Exploring accelerator and parallel graph algorithmic choices for temporal graphs

Many real-world systems utilize graphs that are time-varying in nature, where edges appear and disappear with respect to time. Moreover, the weights of different edges are also a function of time. Various conventional graph algorithms, such as single source shortest path (SSSP) have been developed for time-varying graphs. However, these algorithms are sequential in nature and their parallel counterparts are largely overlooked. On the other hand, parallel algorithms for static graphs are implemented as ordered and unordered variants. Unordered implementations do not enforce local or global order for processing tasks in parallel, but incur redundant task processing to converge their solutions.
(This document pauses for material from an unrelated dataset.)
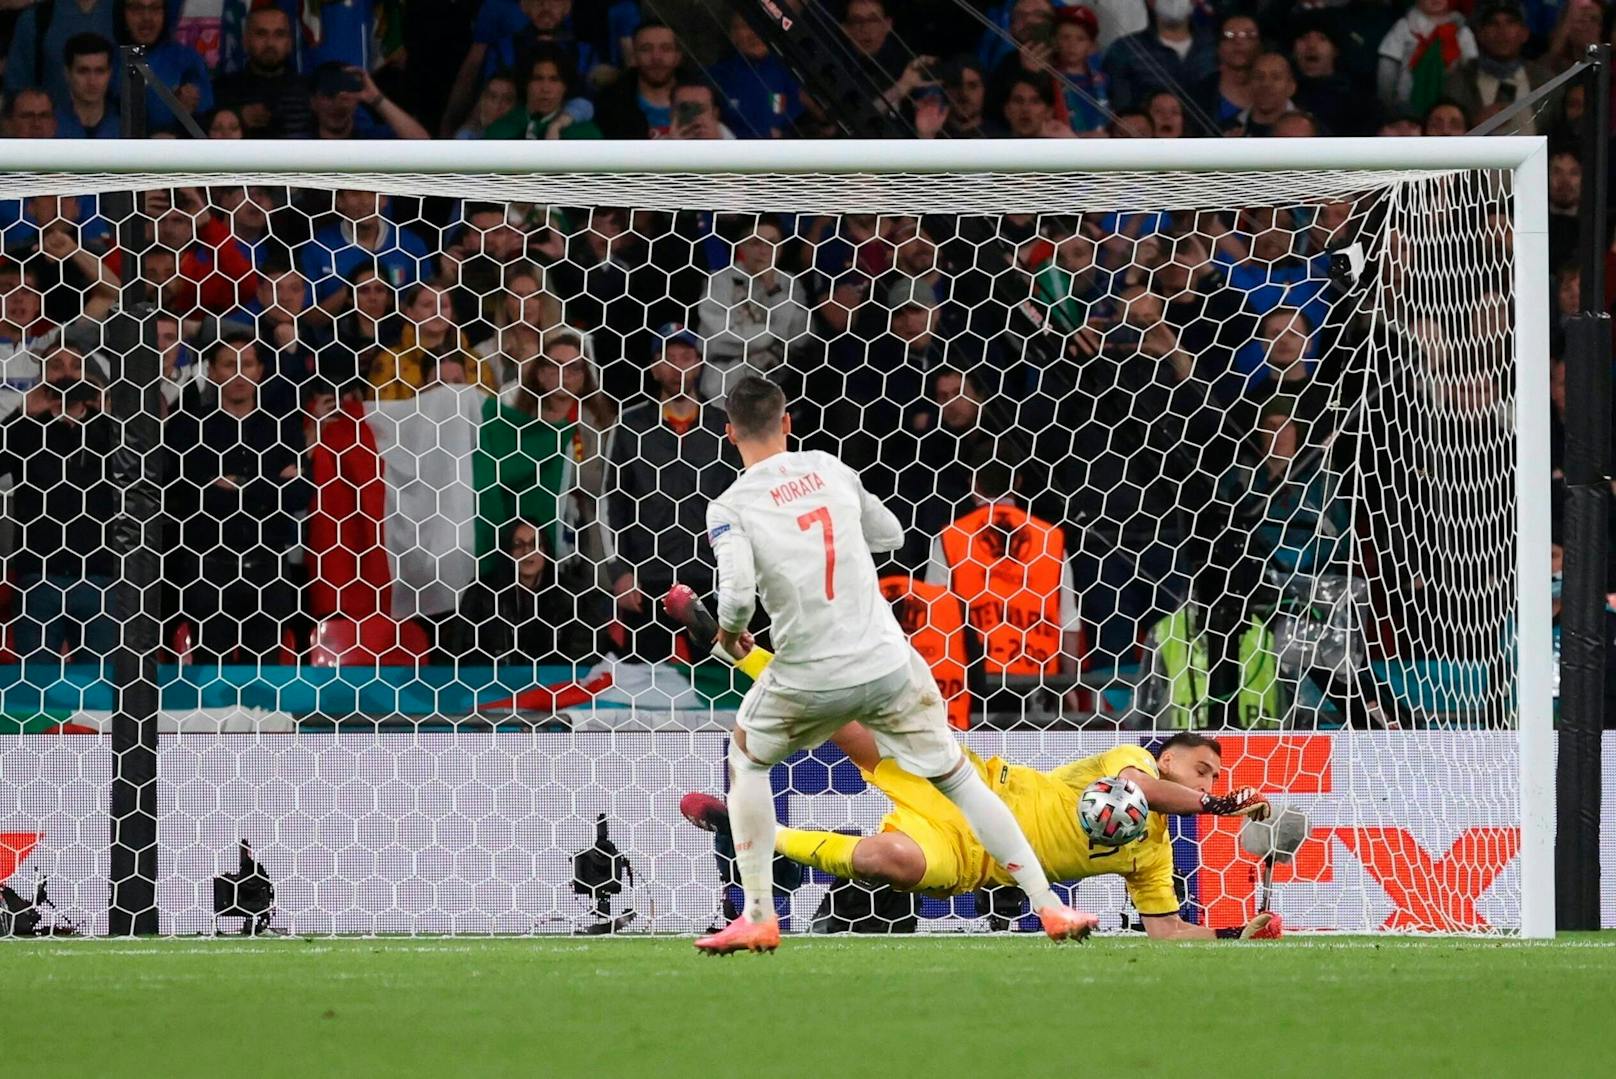 Im Halbfinale setzte sich Italien im Elferschießen gegen Spanien durch. Goalie Donnarumma wurde zum großen Helden.

These implementations expose parallelism at the cost of high redundant work. Relax-ordered implementations maintain local order through per-core priority queues to reduce the amount of redundant work, while exposing parallelism. Finally, strict-ordered implementations achieve the work efficiency of sequential version by enforcing a global order at the expense of high thread synchronizations. These parallel implementations are adopted for temporal graphs to explore the choices that provide optimal performance on different parallel accelerators. This work shows that selecting the optimal parallel implementation extracts geometric performance gain of 46.38% on Intel Xeon-40 core and 20.30% on NVidia GTX-1080 GPU. It is also shown that optimal implementation choices for temporal graphs are not always the same as their respective static graphs.